- Your assignment:
Restate word for word the part of the material that runs from the line containing "Blacks and Priesthood: 40 Years Later" through its final line, inclusive, minus the pictures.

[[ Dataset section open ]]

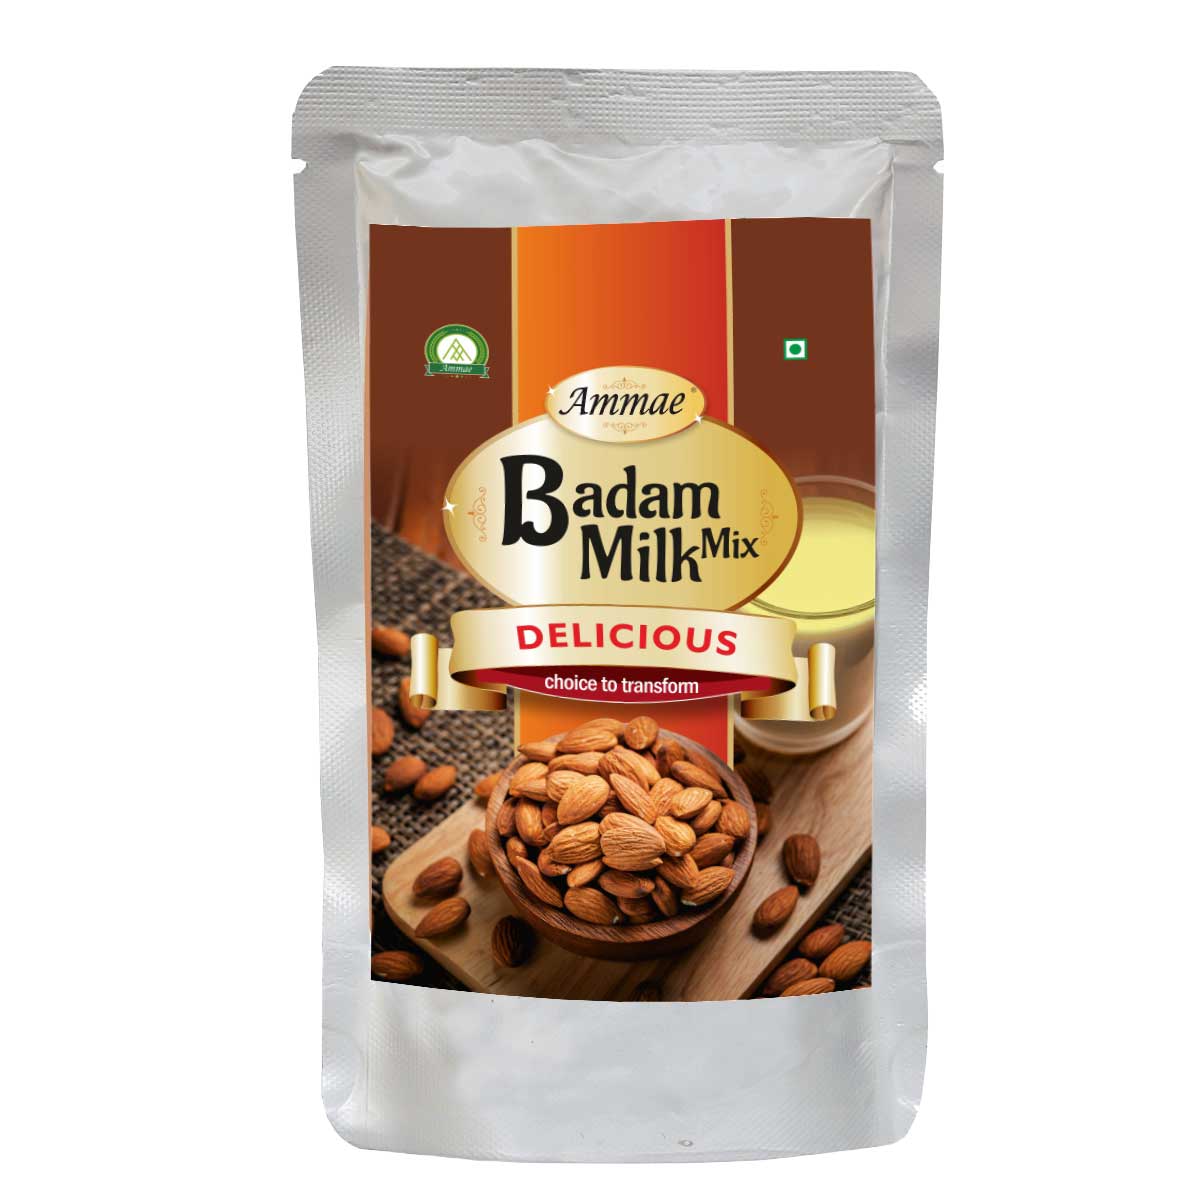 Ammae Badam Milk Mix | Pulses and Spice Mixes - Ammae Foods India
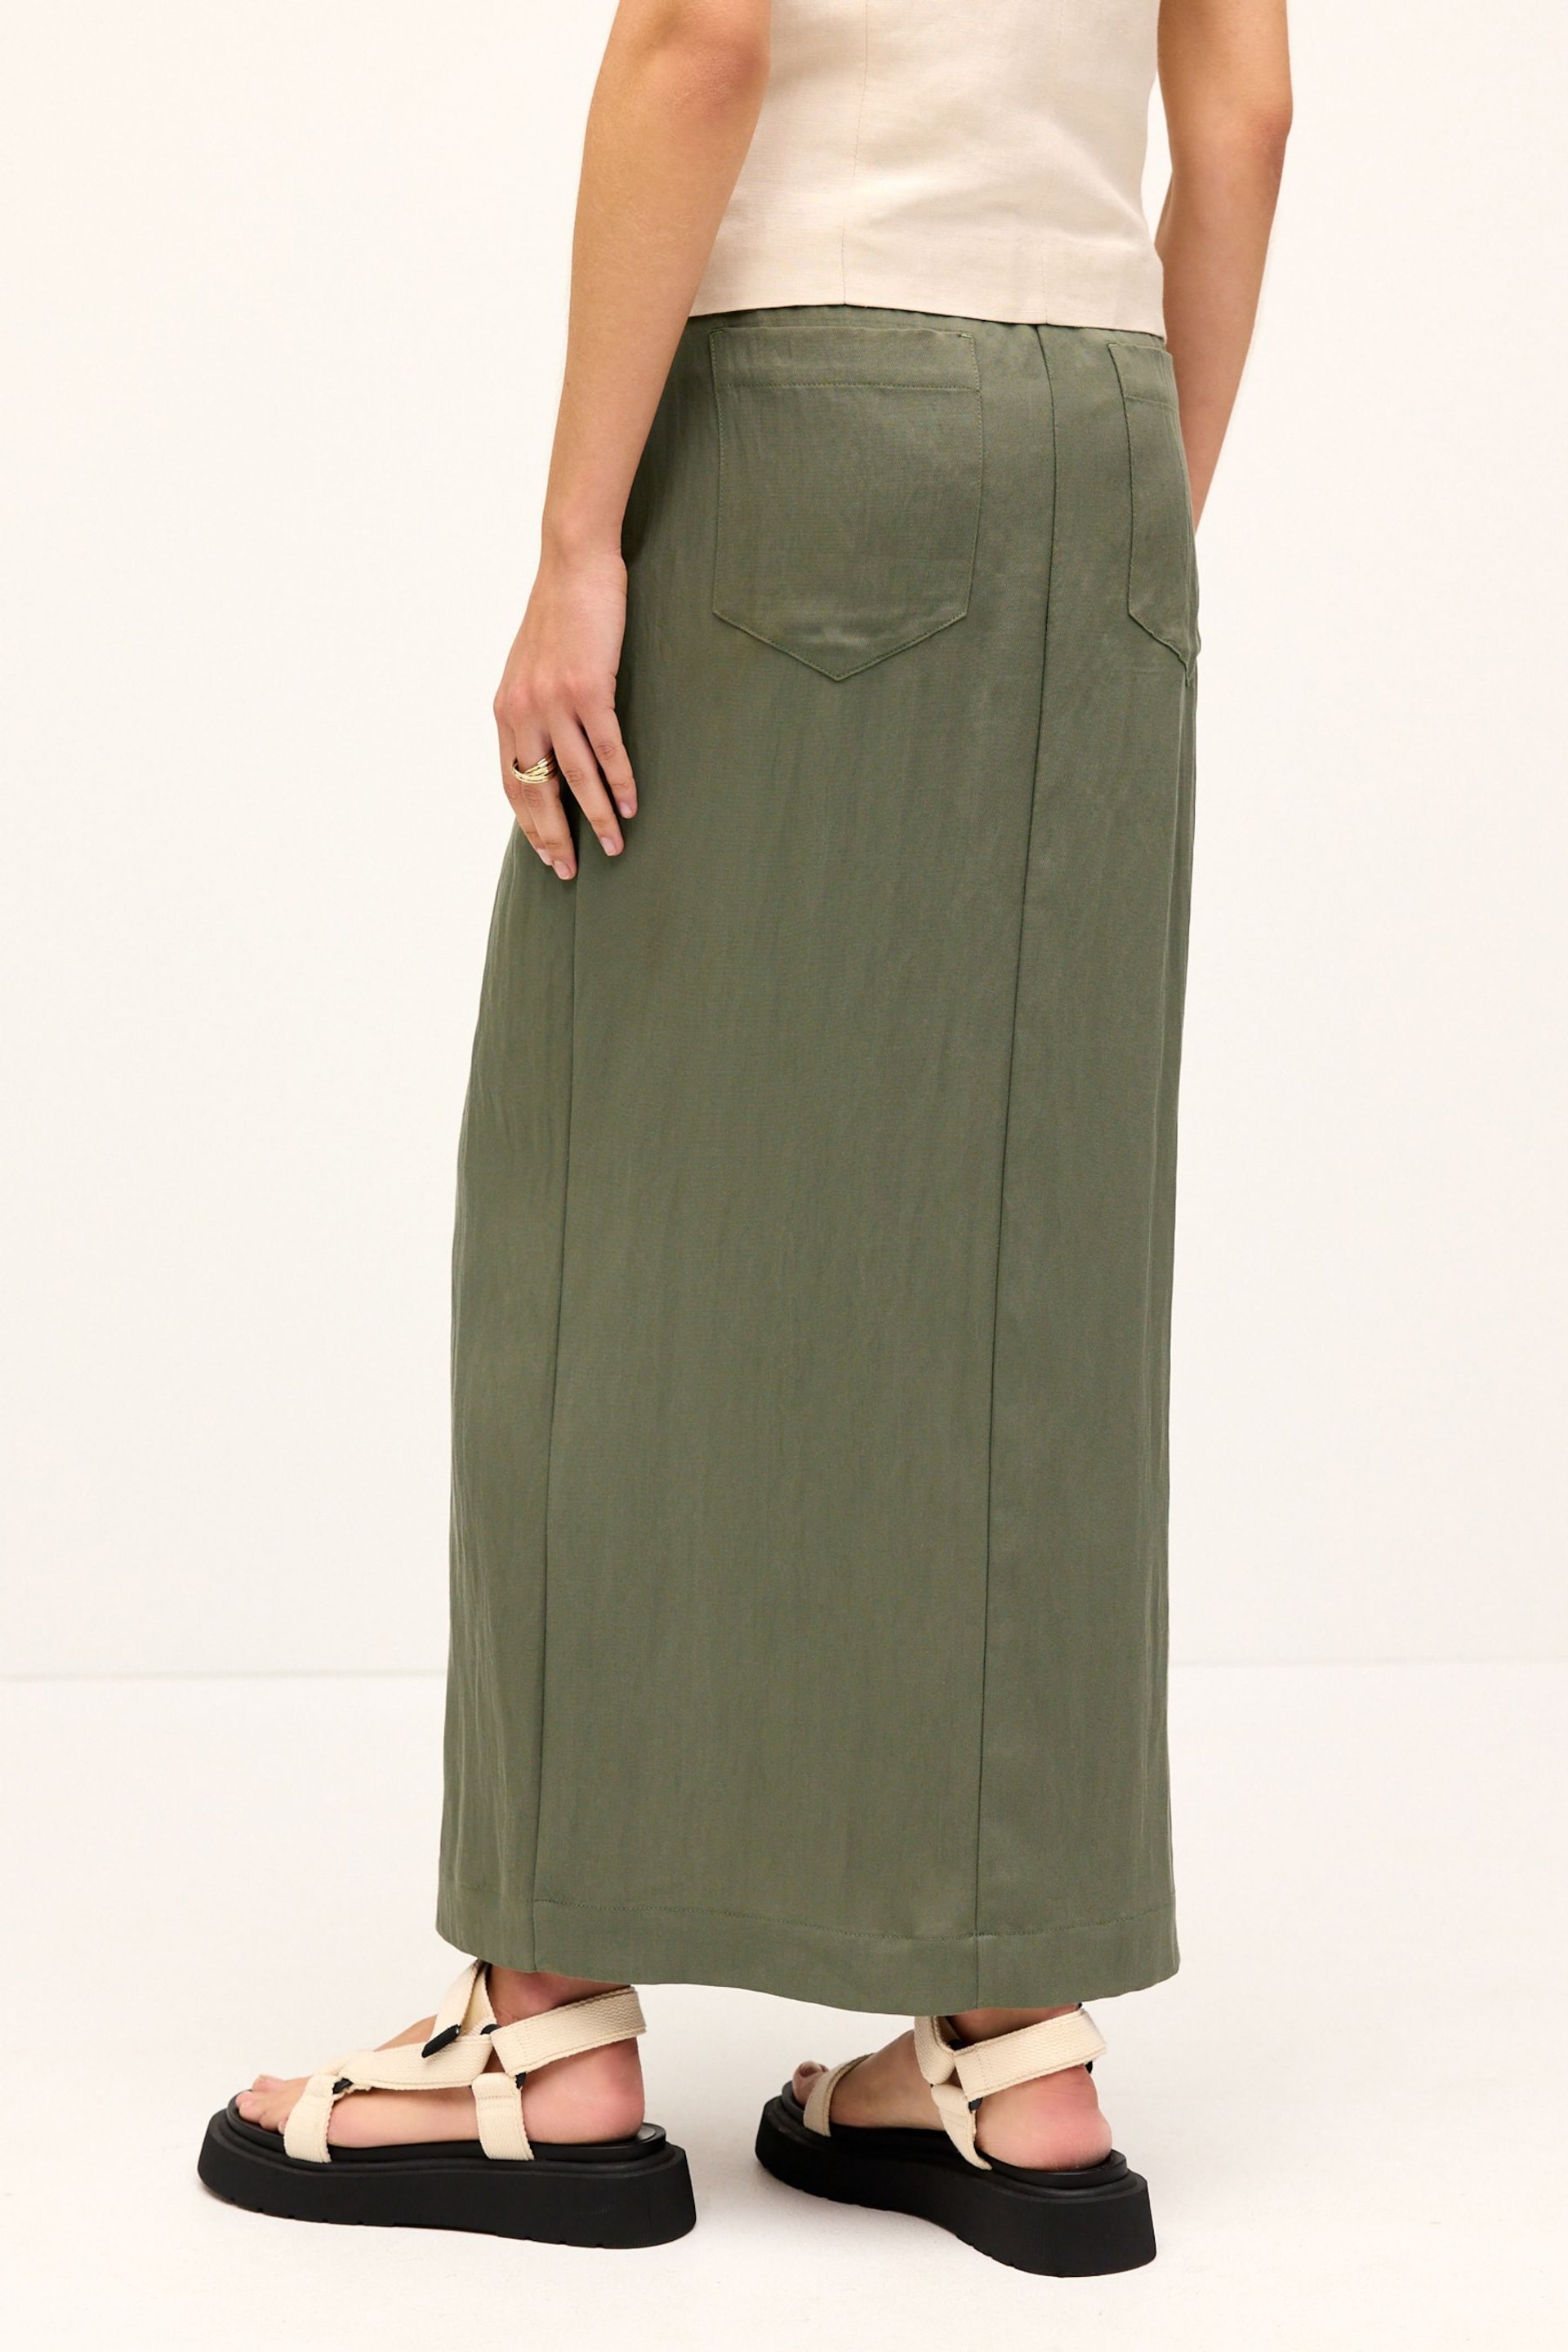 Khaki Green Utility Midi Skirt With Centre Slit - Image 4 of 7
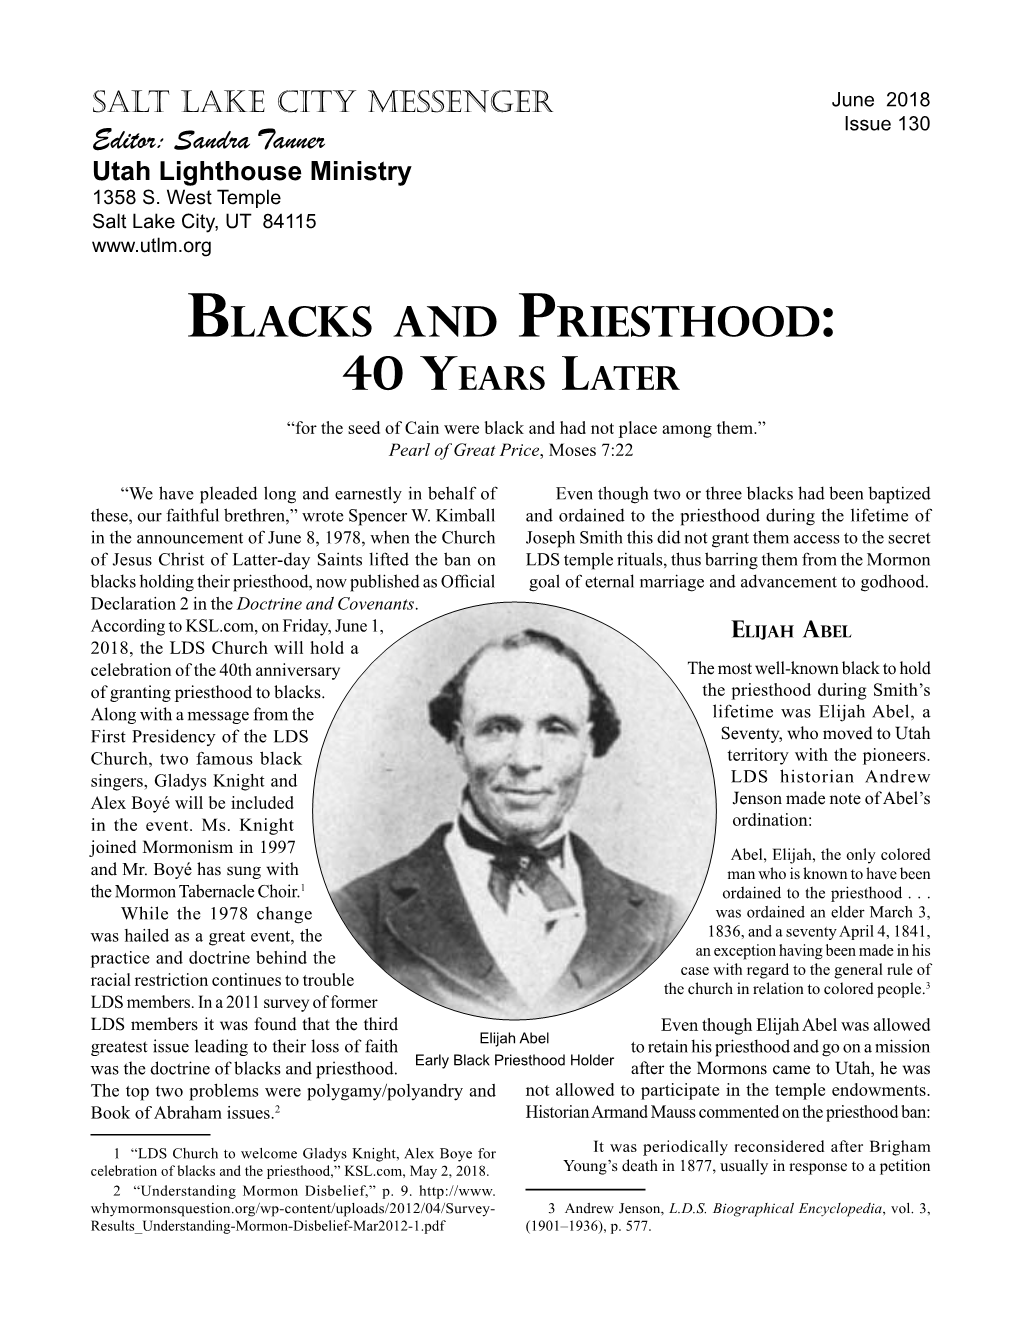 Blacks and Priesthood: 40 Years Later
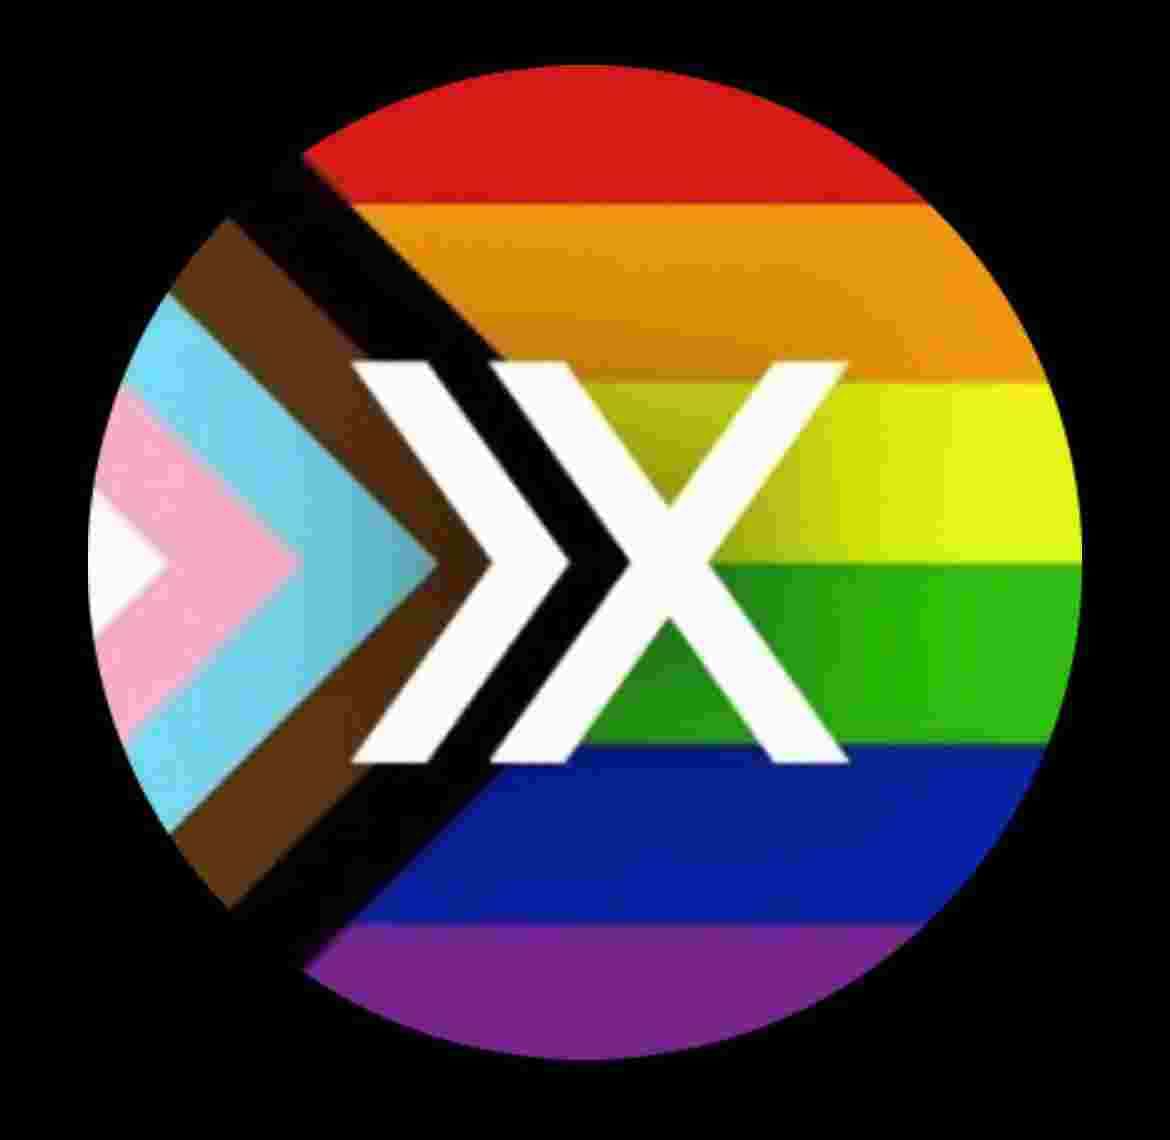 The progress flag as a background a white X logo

[[ Dataset section closed ]]

- Task output:
 Blacks and Priesthood: 40 Years Later
 The progress flag as a background a white X logo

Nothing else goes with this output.